Please find the answers below:

1. Data type of RDD after each step

sc.textFile("/Users/dgadiraju/Research/data/wordcount.txt").
textFile always returns RDD[String], so the resultant RDD of above contains String type where each line of the file becomes one record in RDD.

flatMap(_.split(" ")).
This line in above word count example returns an RDD[String]

map(rec => (rec, 1)).
Above map function returns RDD[String, Int]

reduceByKey(+).
Above line in word count example returns RDD[String, Int]

collect().foreach(println)
In above line collect() is action operation so it returns the result and not the RDD.


2. Difference between map, flatMap and filter

Although three of them are spark transformations they solve different problems in real time.
a) map
It returns a new RDD by applying a function to all elements of input RDD.
b)flatMap
It returns a new RDD by first applying a function to all elements of input RDD, then flattening the results.
c)filter
It returns a new RDD containing only the elements that satisfy a predicate.


3. Why we have used flatMap and map?

In word count example, we need to split each line by whitespace(" ") to get the words and also we need to flatten the result of each line to get the just one list of all words. For these kind of use cases, flatMap works exceptionally well.

In order to tag each word with integer 1 we used map.


4. Why we have considered reduceByKey over aggregateByKey and groupByKey?

reduceByKey and aggregateByKey are identical operations where both aggregates the values of a key whereas groupByKey doesn’t aggregate the data instead it just groups it and returns iterables.

reduceByKey is specific case of aggregateByKey . Although both perform better than groupByKey, using reduceByKey in this case looks obvious because of its implementation is much more simpler than aggregateByKey.

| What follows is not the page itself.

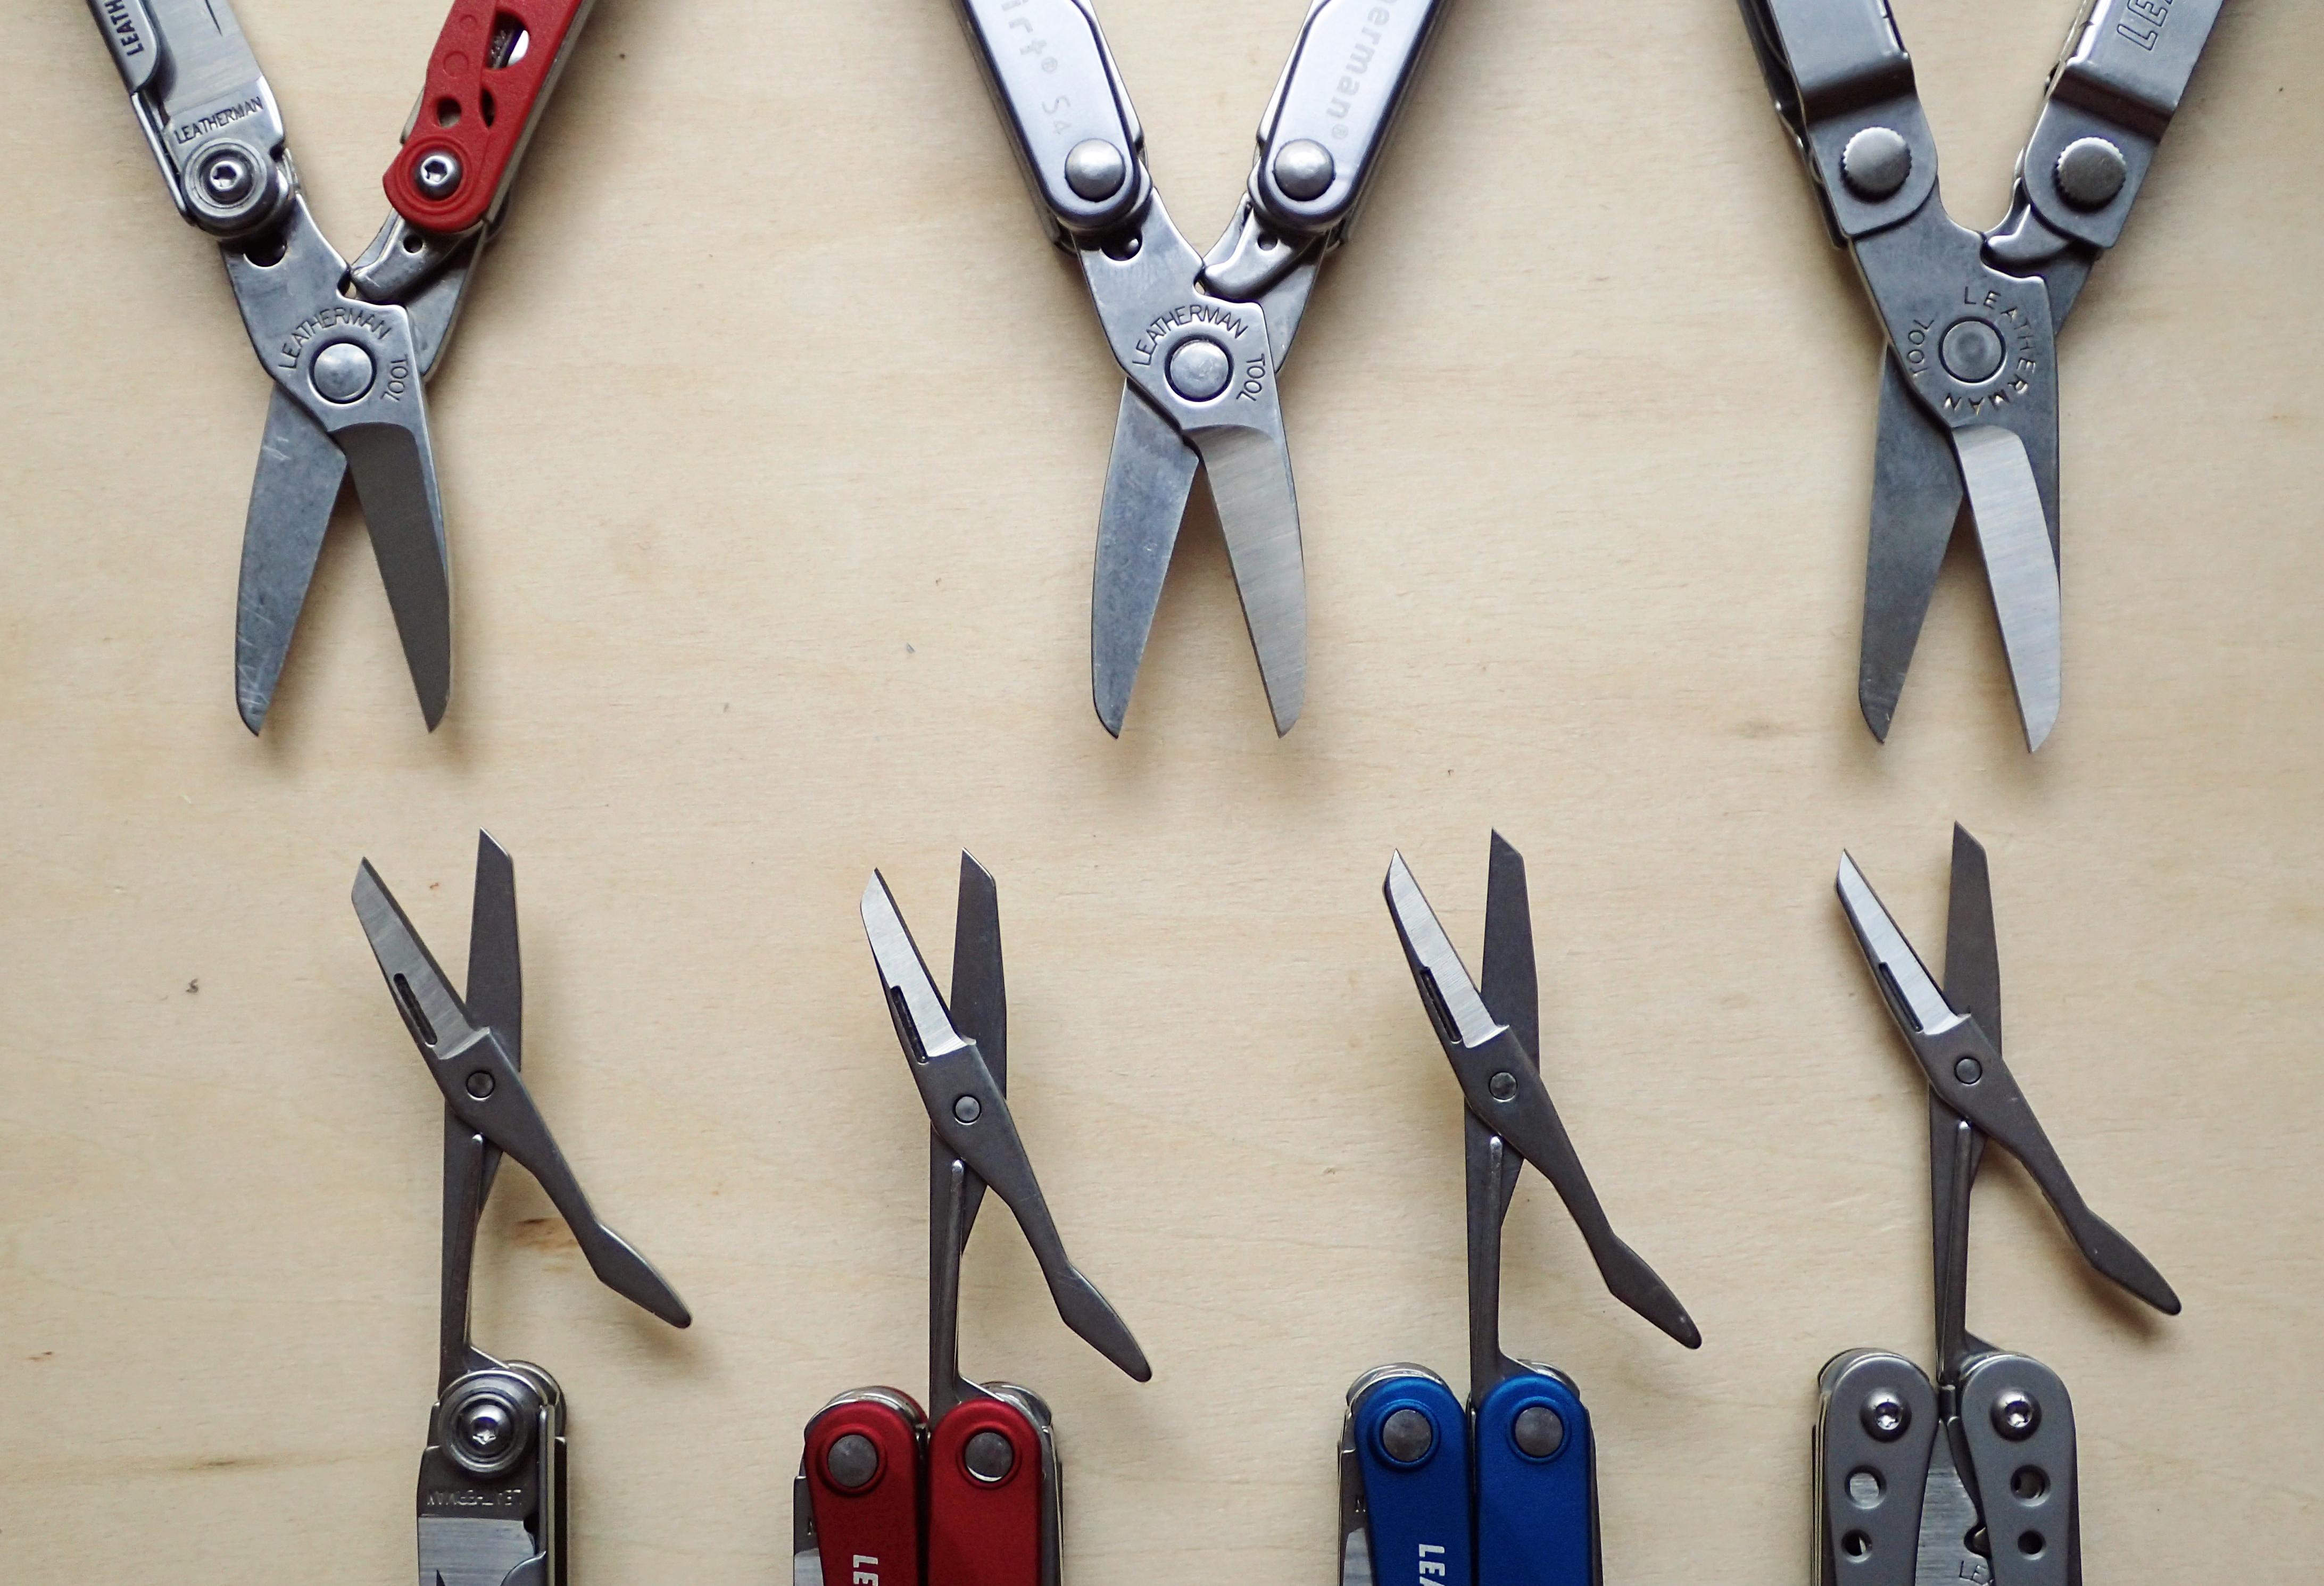 Leatherman scissors compared. Top row: Leatherman Style CS, Squirt S4, Micra. Bottom row: Leatherman Style, Squirt ES4, Squirt PS4, Style PS

5. Difference between transformation and action

Although both transformations and actions are part of Spark RDD operations, they behave quite differently. Primary difference between them are:

  1. Transformations always return RDD where as actions return result
  2. Transformations are lazily evaluated where as actions evaluated immediately

1 Like

#3

#Data type of RDD after each step

scala> val wcData = sc.textFile(“hello.txt”)

scala> wcData.collect()

16/12/18 03:33:15 INFO DAGScheduler: Job 0 finished: collect at :24, took 0.345433 s
res0: Array[String] = Array(Hi this is spark shell, you are using spark wordcount)

scala> val flatMappedData = wcData.flatMap(_.split(" "))
flatMappedData: org.apache.spark.rdd.RDD[String] = MapPartitionsRDD[2] at flatMap at :23

scala> val mappedData = flatMappedData.map(rec => (rec, 1))
mappedData: org.apache.spark.rdd.RDD[(String, Int)] = MapPartitionsRDD[3] at map at :25

val reducedData = mappedData.reduceByKey(+)
reducedData: org.apache.spark.rdd.RDD[(String, Int)] = ShuffledRDD[4] at reduceByKey at :27

reducedData.collect().foreach(println)

(are,1)
(this,1)
(is,1)
(using,1)
(shell,1)
(spark,2)
(you,1)
(wordcount,1)
(Hi,1)


#Difference between map, flatMap and filter

map :It returns a new RDD by applying a function to each element of the RDD. Function in map can return only one item.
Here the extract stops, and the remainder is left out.